(WHAT NEEDS TO BE DONE): Write down the listing again exactly as it appears below, without its pictures.
#### SUPPLIED MATERIAL ####
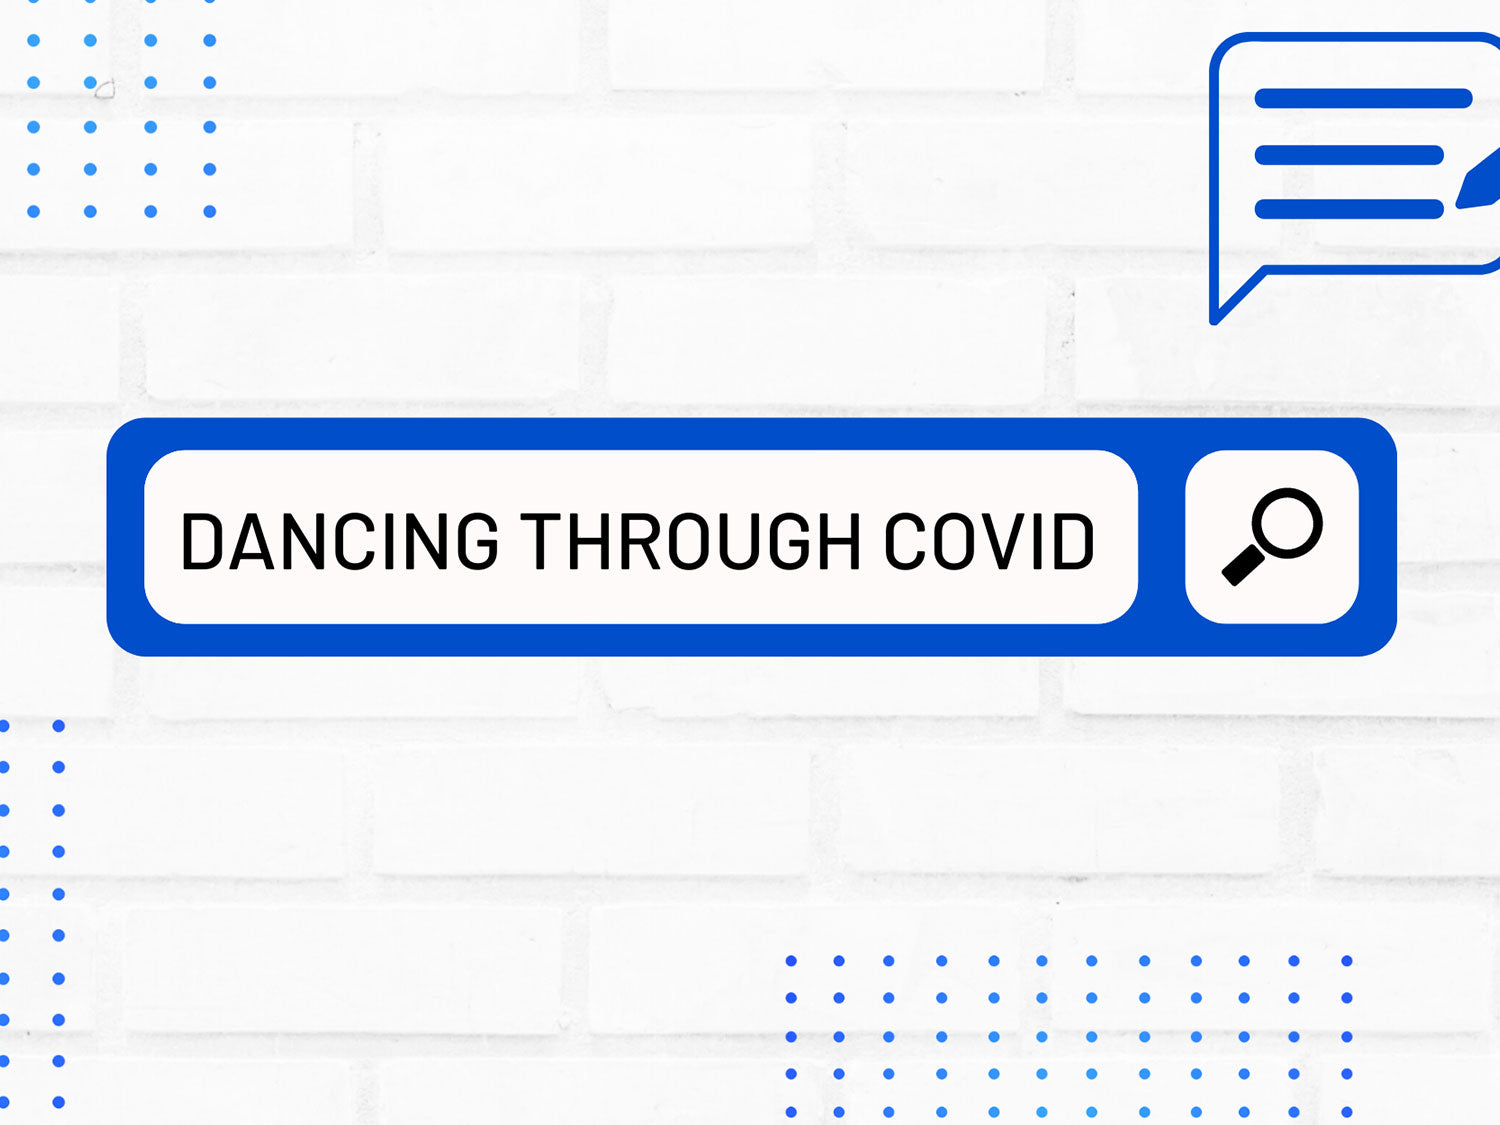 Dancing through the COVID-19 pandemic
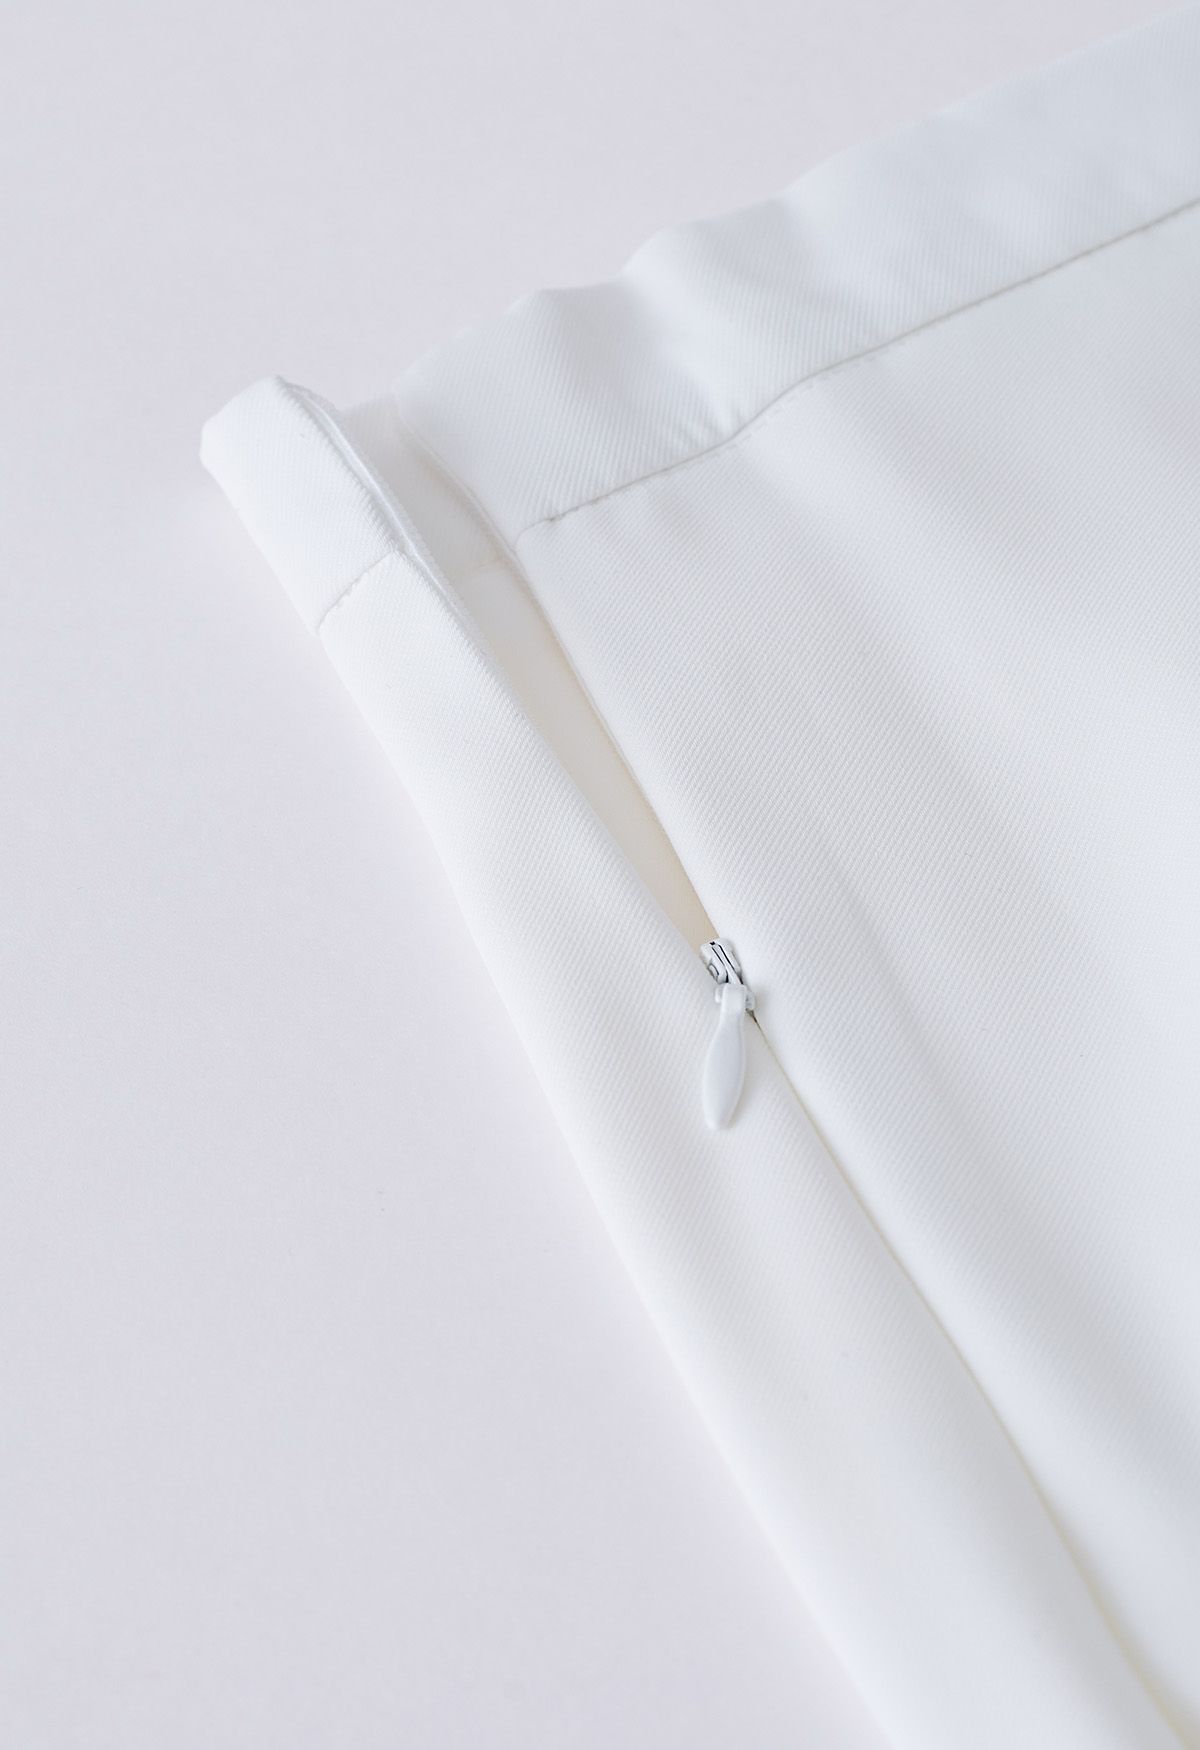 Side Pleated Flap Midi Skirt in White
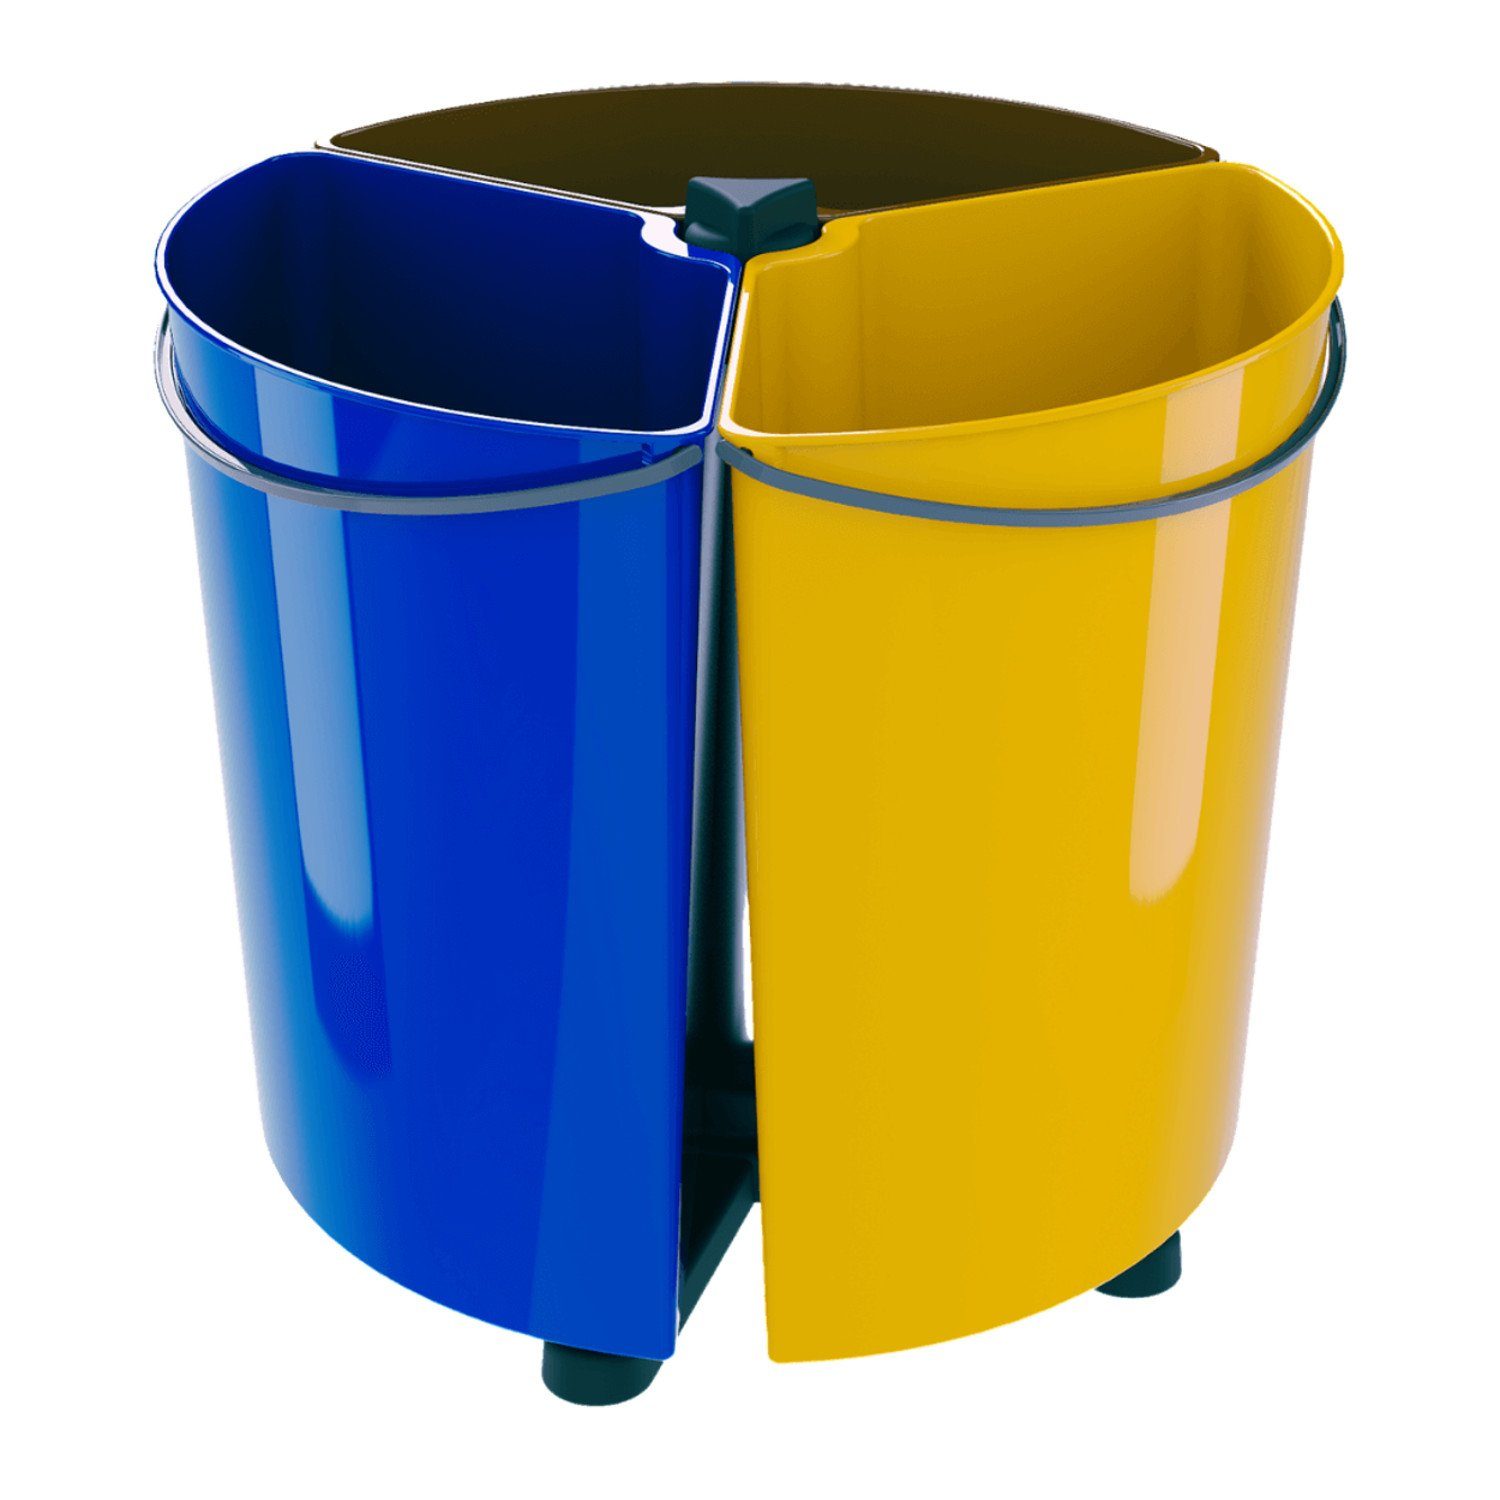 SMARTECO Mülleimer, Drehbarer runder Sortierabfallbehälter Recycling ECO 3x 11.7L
####
(EXERCISE ANSWER):
 Dancing through the COVID-19 pandemic
 Side Pleated Flap Midi Skirt in White
 SMARTECO Mülleimer, Drehbarer runder Sortierabfallbehälter Recycling ECO 3x 11.7L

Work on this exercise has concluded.